There are multiple approaches to fractional ownership, but two of the most popular options are shared-equity and rent-to-own.
Shared Equity
Shared equity is when a company acts as an investor and joins the homeowner as an equity partner in the home by purchasing a stake in the house using investor equity. At the time of sale, the shared equity investor would provide the homebuyer with a one-time contribution towards the down payment that would be paid back when the home is sold.
For example, if a person buying a $600,000 house in Toronto would need a down payment of $30,000 (5%) to qualify for a mortgage. But because they would be putting down less than 20%, they would also be required to take mortgage loan insurance which could add tens of thousands to their total mortgage. Avoiding these added costs would require the homebuyer to save a total of $120,000 (20%) for their down payment. In a shared equity arrangement, the homebuyer could put $30,000 towards the home while the company puts down the remaining $90,000. The homebuyer would then move into their new home and after time passes, could either pay back the initial investment and any applicable interest through the sale of the home or buy out the investor through their savings.
This model enables homebuyers to purchase right-sized housing in high-demand neighbourhoods without the added cost of mortgage loan insurance. For the company, it’s an opportunity to invest in the housing market and profit from the appreciation of the home while supporting individuals on their homebuying journey.
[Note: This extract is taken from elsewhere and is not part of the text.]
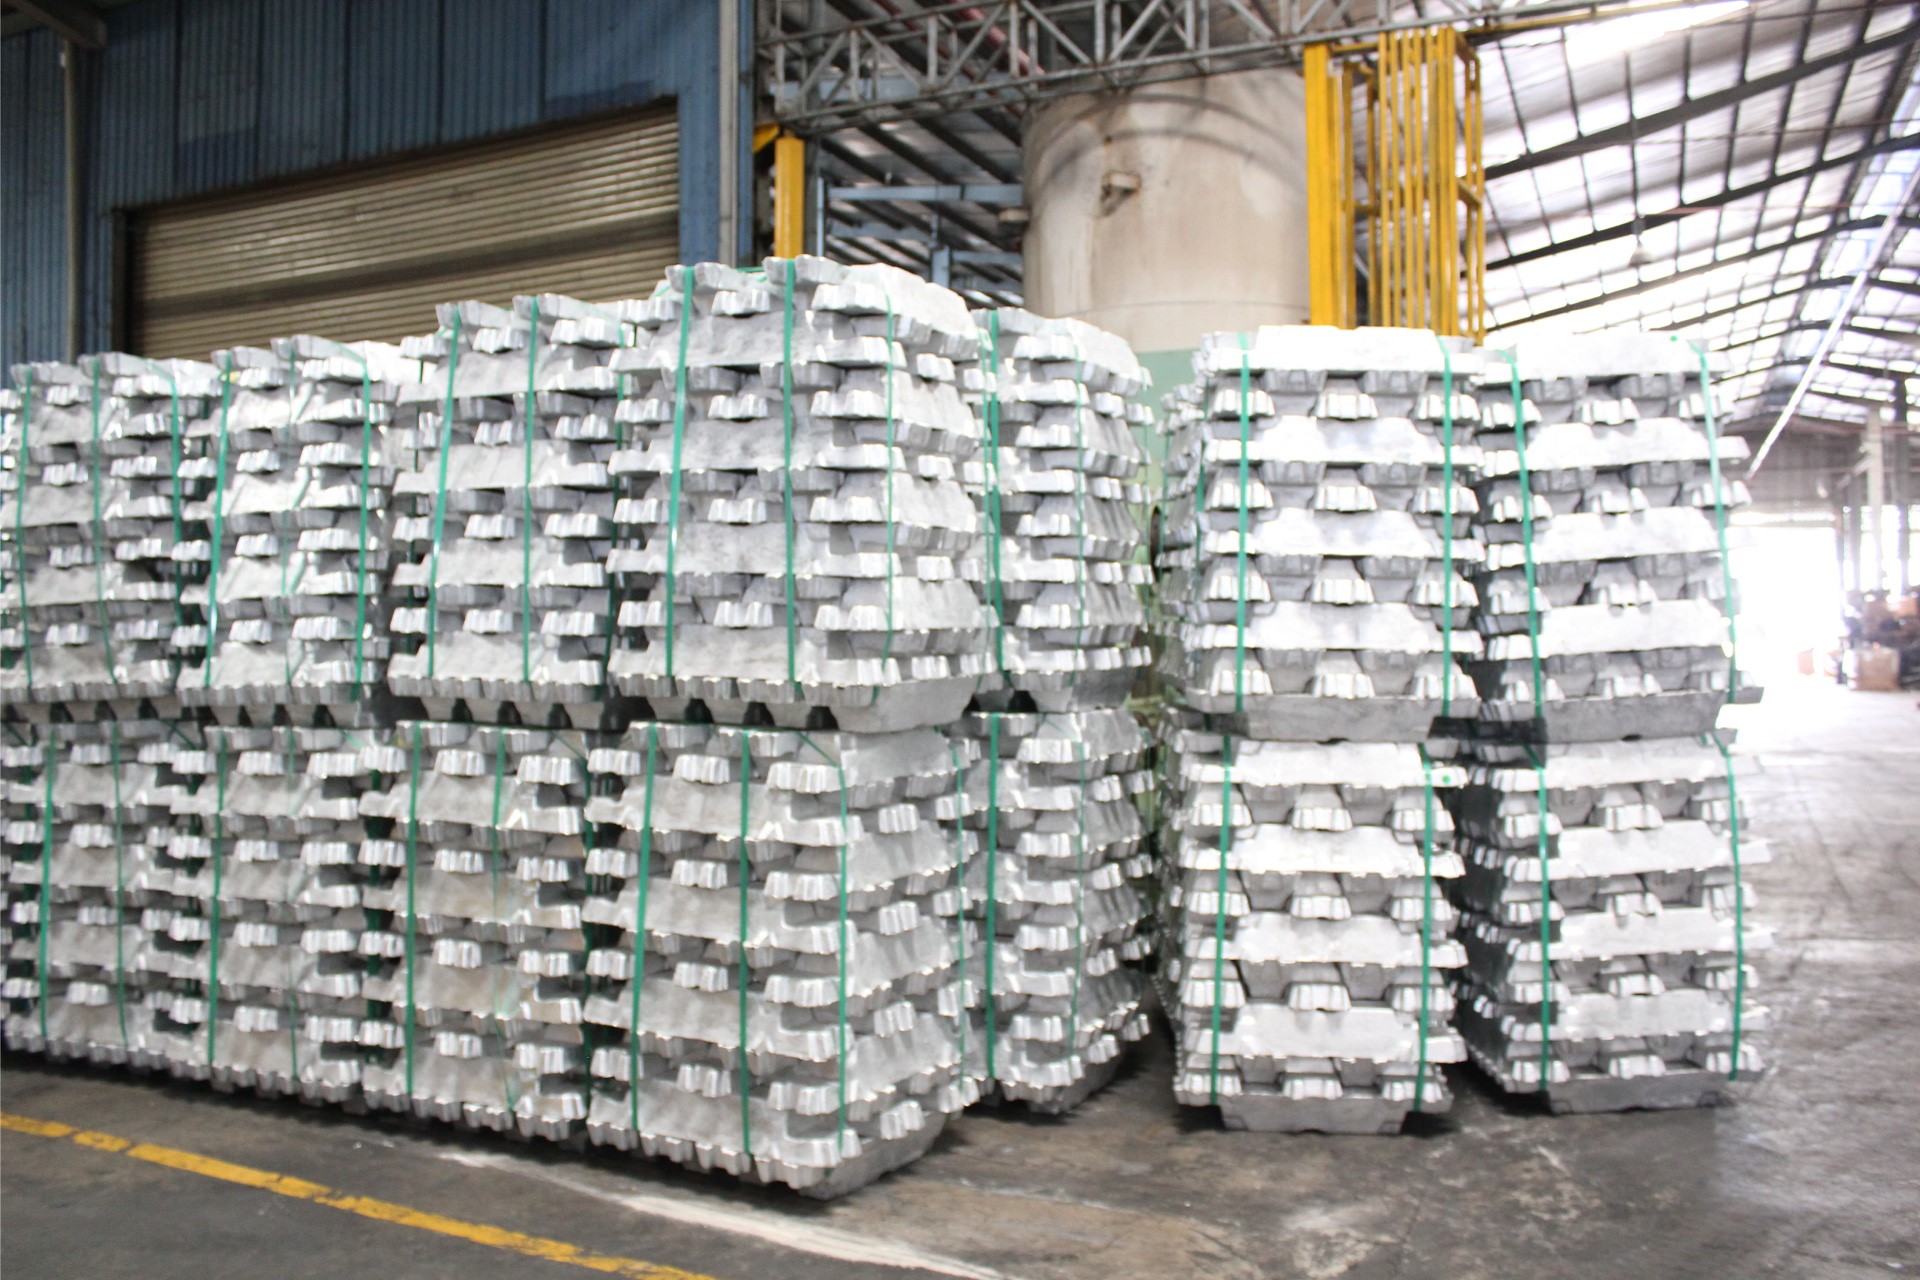 China’s aluminium ingot inventories approached 850,000 tonnes last week as per SMM’s prediction

Today, there are several private and public organizations offering shared equity programs including the Canada Housing and Mortgage Corporation’s (CMHC) First-Time Home Buyers Incentive.
Rent-to-Own
In the rent-to-own model, an investor or company would purchase the home and enter a rental agreement with a prospective homebuyer. The arrangement allows the renter to transition to home ownership by contributing a small portion to the initial down payment (typically 2-5%) and then growing their share of the home equity through a percentage of their monthly rent payments.
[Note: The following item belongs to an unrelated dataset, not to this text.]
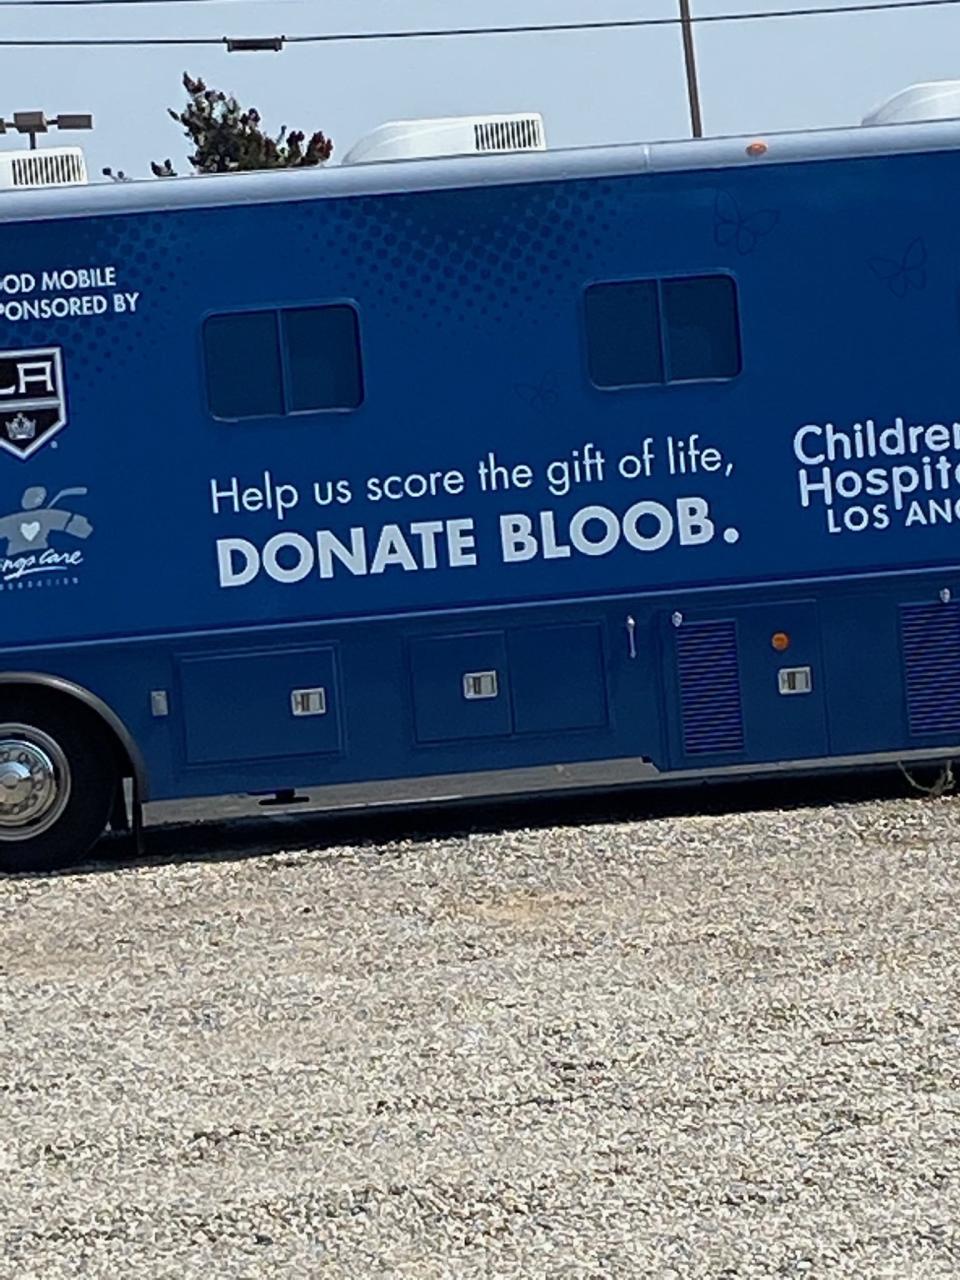 sign asking people to donate bloob

Rent-to-own is more flexible than other arrangements because it provides prospective homebuyers with a valuable commodity: time. It enables renters to pursue homeownership at the pace that’s right for them by removing the need to save a down payments and allowing them to determine the length of the agreement. For example, a renter could opt for a short-term living arrangement that allows them cash out on their investment and move on to another home at any time. Alternatively, they could choose to stay in the home long-term and become the sole owner of the home over time.
The Future of Fractional Ownership
The cost of housing is rising at a rate that many prospective homebuyers cannot keep up with. Average home prices continue to soar, which is particularly problematic to first-time buyers and people living in under-housed conditions. We need to reconsider what home ownership looks like so we can make it more obtainable to the thousands of people who have been priced out of the market.
There may not be a one-size-fits-all answer, but fractional ownership is a solution for people with limited savings. At the Lab, we’re exploring opportunities to turn fractional ownership and other alternative financing solutions into purpose-driven companies that support hard-working Canadians. We believe that if we can remove financial barriers in the home buying journey, then we can help people get into the right home sooner while creating innovative investment opportunities for our industry.
As a first-time homebuyer would you use fractional ownership for your home purchase?